To obtain total fibroblast and NK cell signatures, we performed pairwise differential expression analyses based on our discovery scRNA-seq dataset. For each target cell type (fibroblasts or NK cells), we compared its transcriptome with those of all other major cell types (including T cells, B cells, macrophages, etc.). Genes that were consistently upregulated in the target cell type across all pairwise comparisons (adjusted P < 0.05 and logFC > 0.5) were retained as candidate signature genes. We then manually filtered for genes with minimal expression in other major cell types based on FeaturePlot results to achieve fibroblast or NK cell signature (Supplementary Data 11). For the fibroblast subsets signatures, we performed similar pairwise differential analyses and the selection of candidate genes among all 16 mesenchymal cell subsets. Due to the potential transitional cell state of CYSLTR2+ fibroblast and ADH1B+ fibroblast, we also incorporated genes co-expressed within various cell subsets of the same lineage as their signature genes. For example, highly expressed genes in both CYSLTR2+ fibroblast and FAP+ fibroblast (or pericyte 2), such as POSTN and THBS2, were included as its candidate signature genes. We further manually screened the genes specific to the mesenchymal cells to obtain final fibroblast subset signatures (Supplementary Data 11).

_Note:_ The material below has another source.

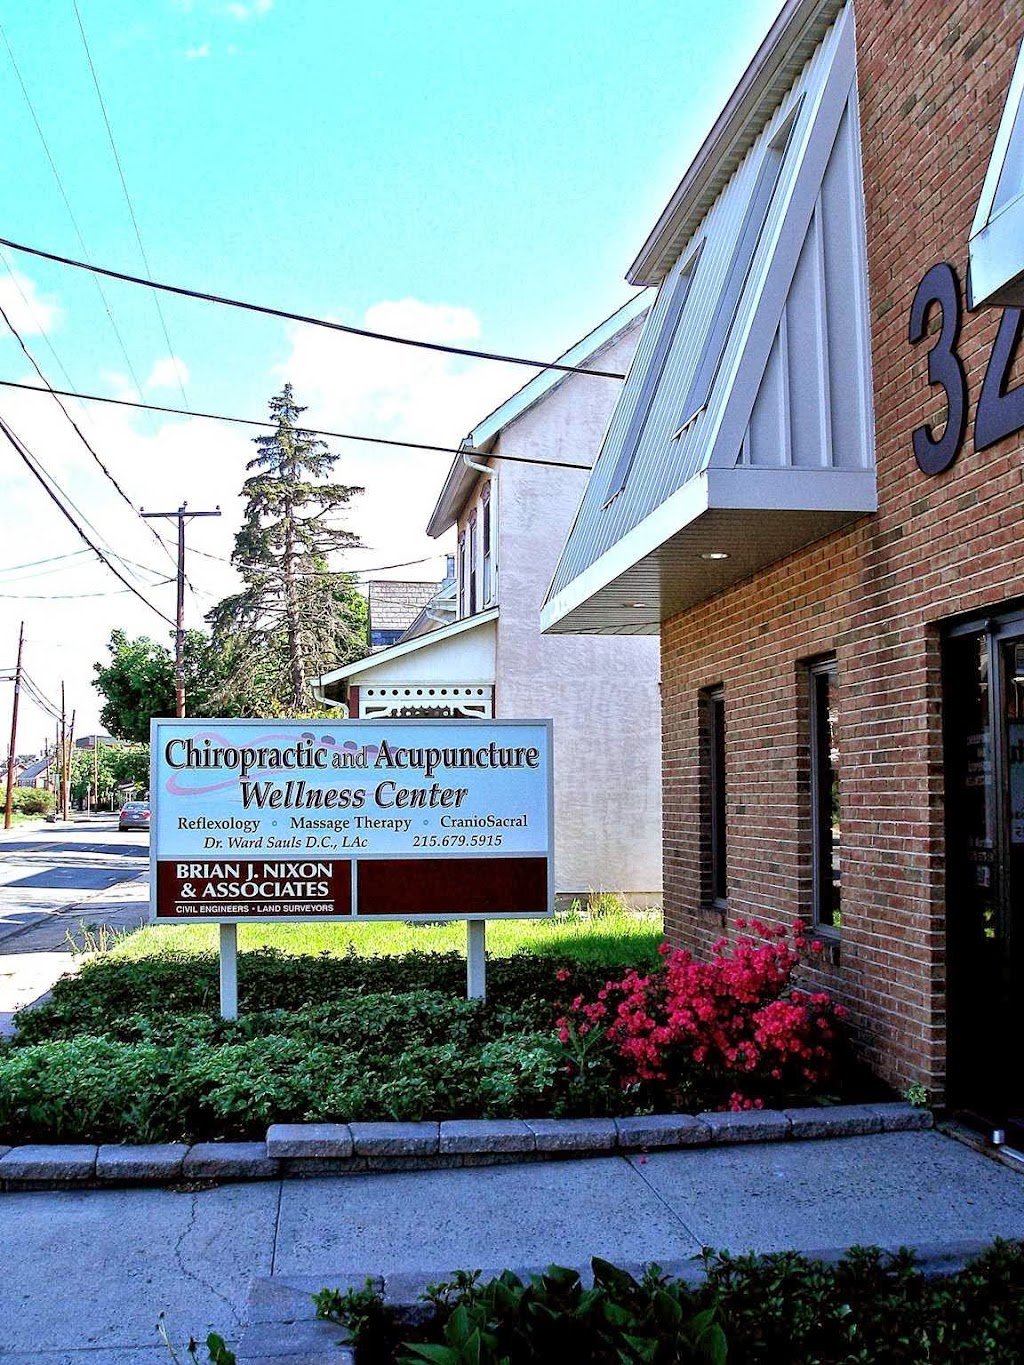 Chiropractic and Acupuncture Wellness Center | 326 Main St, Red Hill, PA 18076 | Phone: (215) 679-5915

In TCGA-KIRC dataset, we performed pairwise two-sided Wilcoxon rank-sum test to compare the FAP+ fibroblast signature score across multiple cancer prognostic factors (clinical stage, T stage and pathological grading). The association between FAP+ fibroblast signature score and progression-free survival (PFS) and overall survival (OS) was evaluated via Kaplan-Meier analysis using the survminer and survival R packages. For the signature score of FAP+ fibroblast, patient cohorts were grouped into high and low groups by optimal cutoff values using surv_cutpoint function from survminer. We used the two-sided log-rank test to detect significance of differences in PFS and OS between two groups.

Beta-binomial regression

To evaluate the association between different fibroblast subpopulations and NK cell abundance in RCC, we applied a beta-binomial regression model using the glmmTMB (v1.1.11) R package based on our discovery dataset. In this model, NK cell counts were treated as the number of successes out of total immune cells per sample, and the normalized proportions of five fibroblast subpopulations were included as covariates. This modeling framework accounts for the discrete nature of cell counts and potential overdispersion across samples. Regression coefficients reflected the strength and direction of association between each fibroblast subset and NK cell abundance.

Statistical analysis

All statistical analyses were conducted utilizing R software (version 4.0.5) and Python (version 3.9.12). Detailed descriptions of the statistical tests applied for each specific analysis are delineated in the Fig. legends and the Methods.

Reporting summary

Further information on research design is available in the Nature Portfolio Reporting Summary linked to this article.